Lee Green Lives Chair Jim Mallory on the aims of the Centre

Our “open to all” ethos at Lee Green Lives means so much to people who live in our area. Activities provide stimulation, learning and friendship while advice and support services offer help to those who are struggling to cope with poverty, mental health or loneliness. Our community centre and the volunteers and workers who sustain it have become an ever more invaluable local resource.

The increase in our workload, however, has meant we are often overstretched. At a time of diminishing public resources we have worked hard to attract more funds to match the voluntary resources that have sustained us.

We went back to basics following last year’s successful Annual General Meeting, entitled “Lee Green (Lives) at the Crossroads”. That drew a large local response, some enthusiastic new trustees and further support from existing and new partners, including a local housing association and the local library.
We have tried to define what we are about. Our expanded group of trustees have in consultation with users and volunteers reaffirmed our core values as a welcoming, inclusive and user-led organisation, working in partnership with others towards a “safer, stronger and more cohesive community with opportunities for self-development and growth accessible to all”.

Not just words at Lee Green Lives… just look at what goes on at Lee Green community centre, a converted empty unit in a run-down shopping centre. In this report, you will read about the joy and friendship that people get from exercises to music, activities for those with a severe disability, the sewing and knitting groups, and coffee and chat sessions; or the empowerment people get from speaking English if that’s not their first language, or learning how to use a computer.

Those computers have also become crucial to delivering our advice and advocacy services for people needing help in dealing with the cuts, particularly in benefits and job seekers’ allowance that often lead to poverty and homelessness. These are the times many people live in and our work reflects their needs.
All this against a backdrop of the redevelopment of the shopping centre by its owners, St Modwen, who this year are submitting revised proposals calling for significant extra housing. Those plans include a purpose-built community centre that Lee Green Lives is expected to run. This will present us with a considerable challenge, not least during the construction period when we will have to seek alternative arrangements.

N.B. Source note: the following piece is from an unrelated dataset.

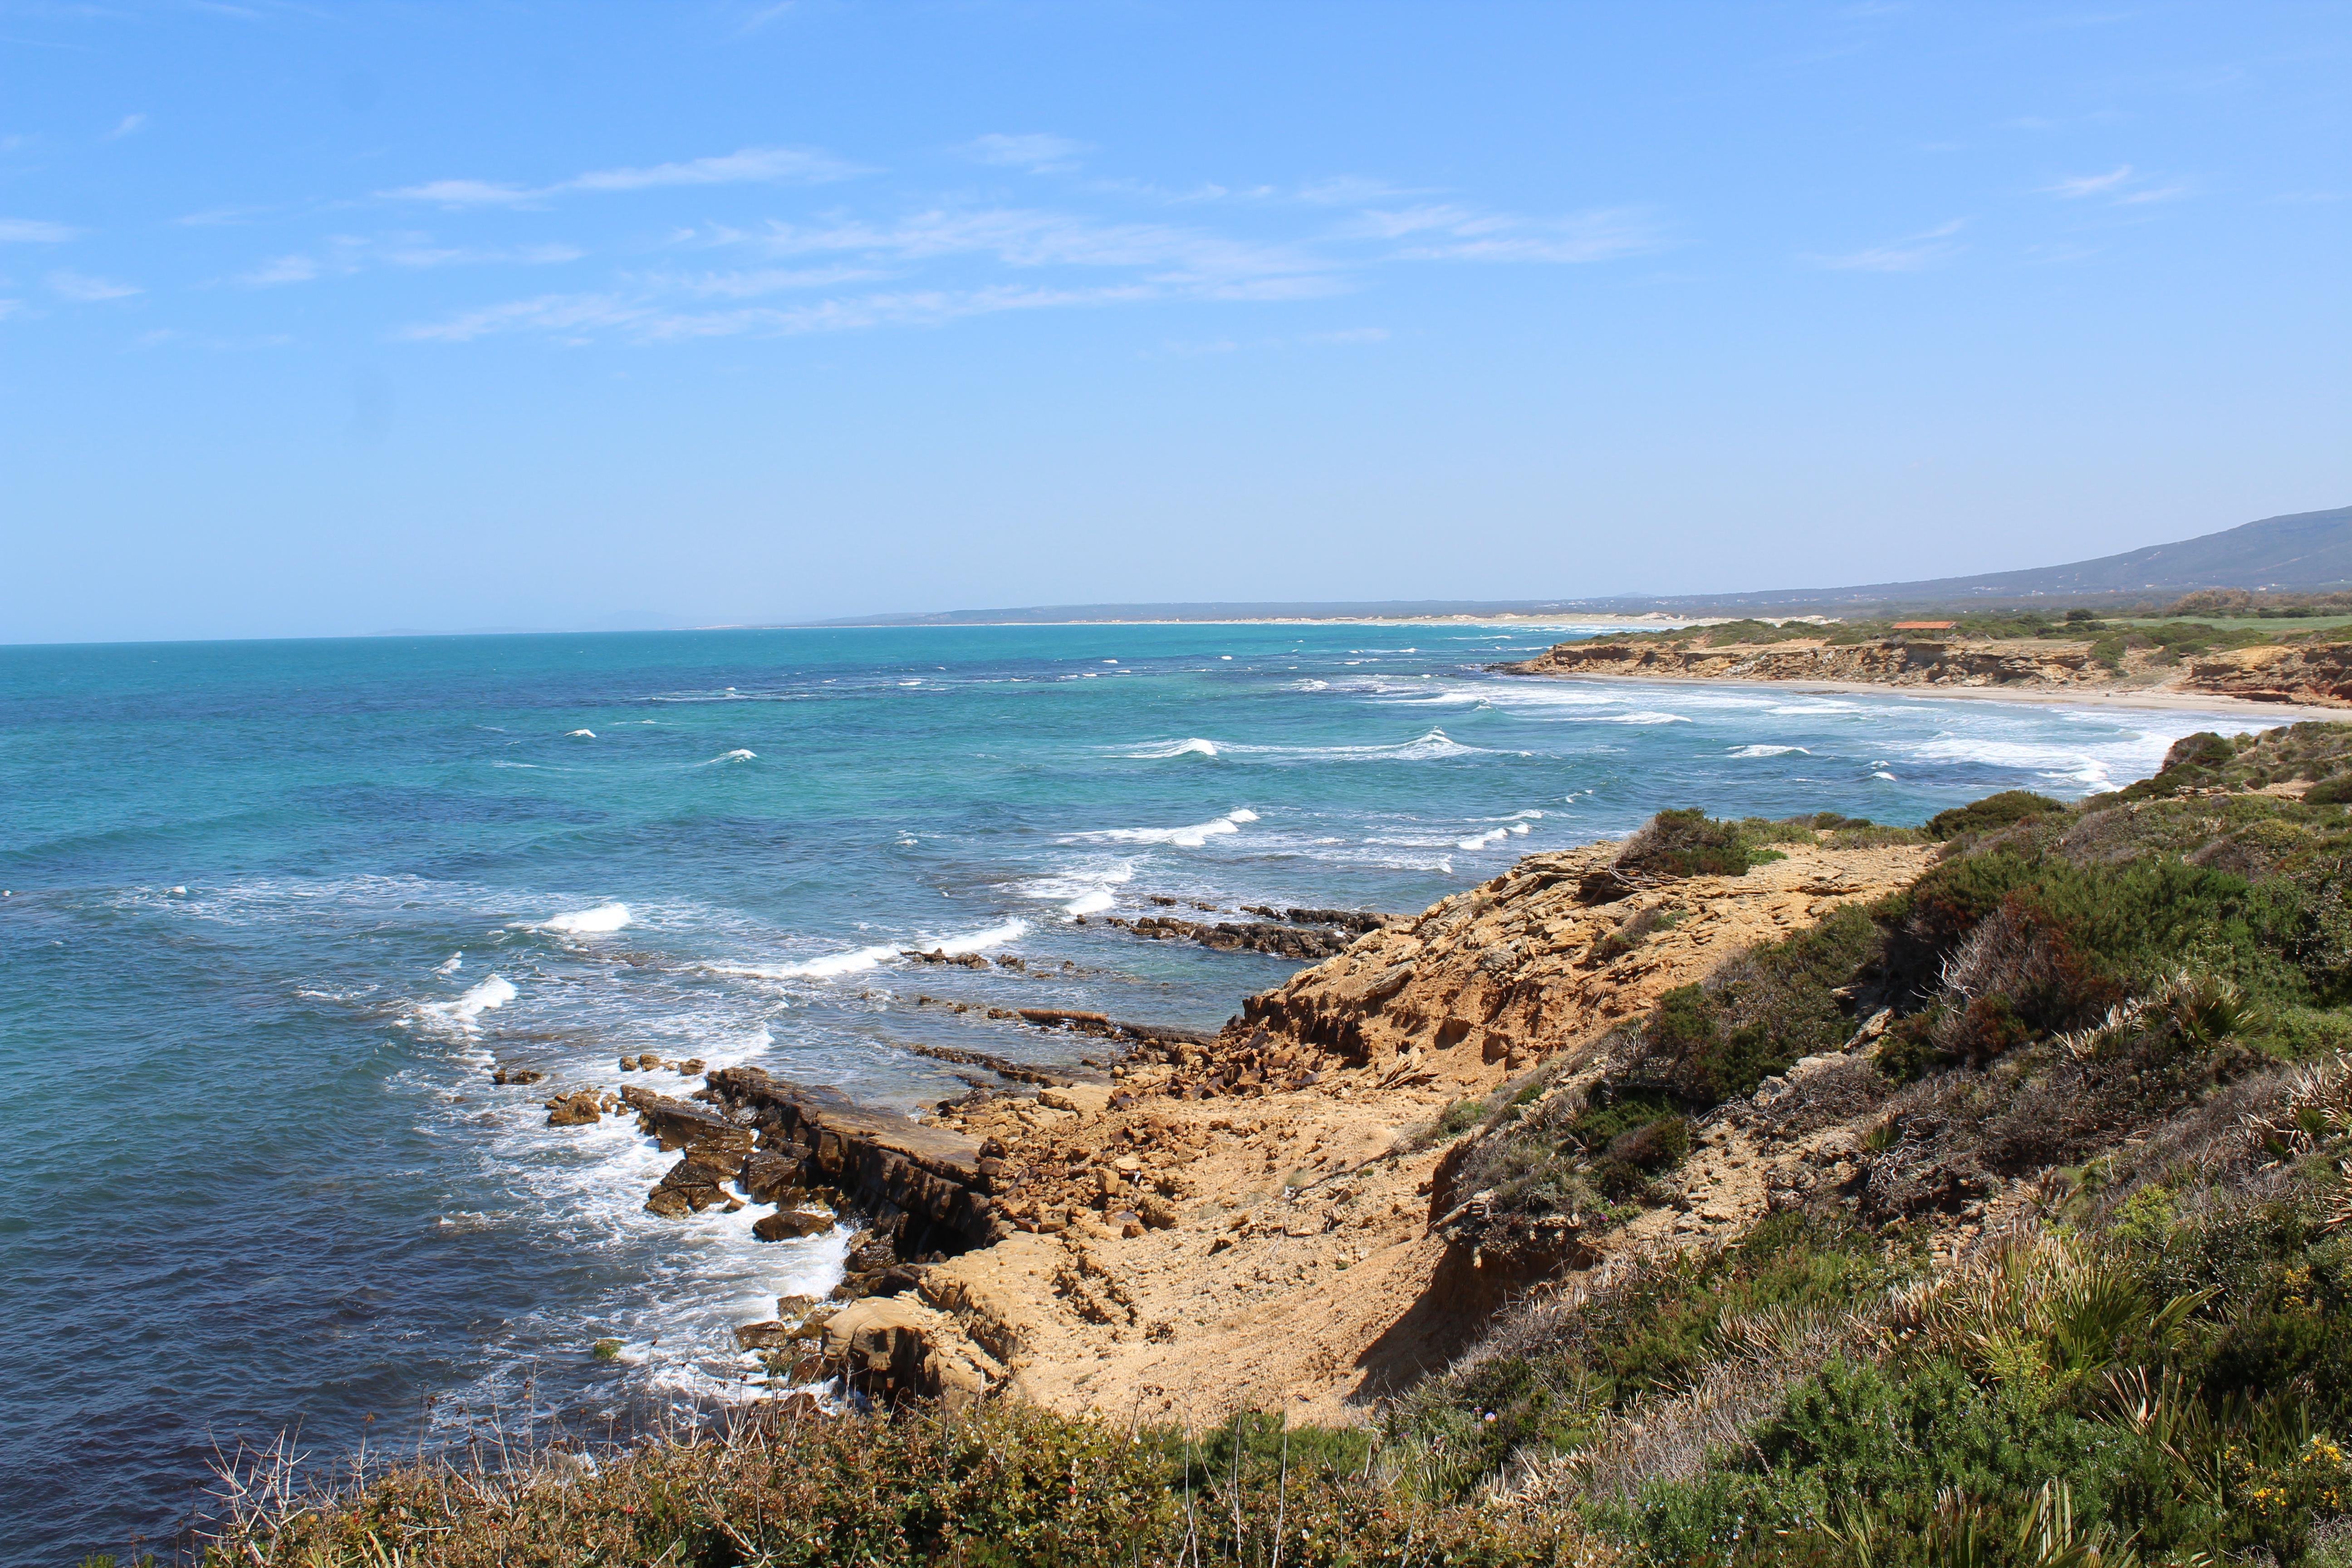 plage côtière de Rtiba
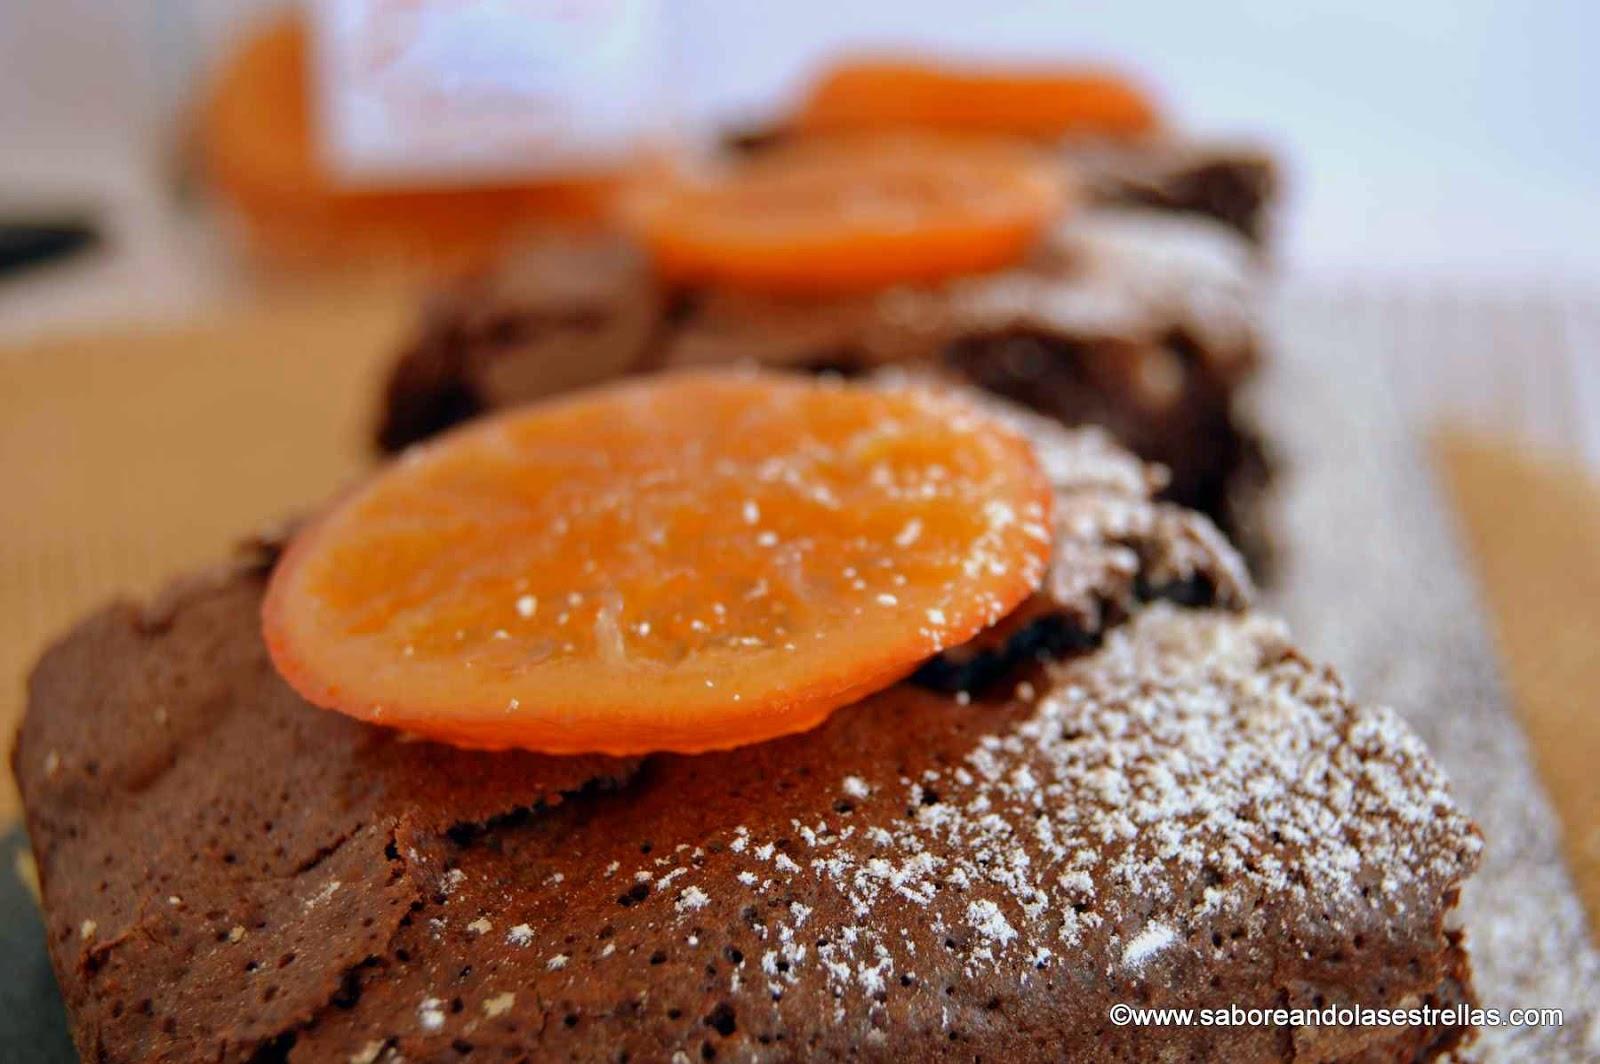 Brownie con nueces y mandarinas confitadas

We cannot do it alone, hence our increasing work in partnership with others. Clarion Housing, landlords of some of the neighbouring estates, with whom we hope to share future facilities, have helped us with our Business Plan, supported by Voluntary Action Lewisham, to make us more sustainable. They have also contracted us to provide outreach activities for their residents as part of the local community’s need for a wider cohesion. We have also begun working with Lewisham Homes, who provide the council’s housing.

Meanwhile, we are part of a network of some 15 local community groups, including the local library. Lee Green Consortium (about which we report separately) is helping them to work together while ensuring all of our volunteers get the recognition their efforts deserve.
My thanks go to all those who have helped Lee Green Lives go some way towards making our area a better place.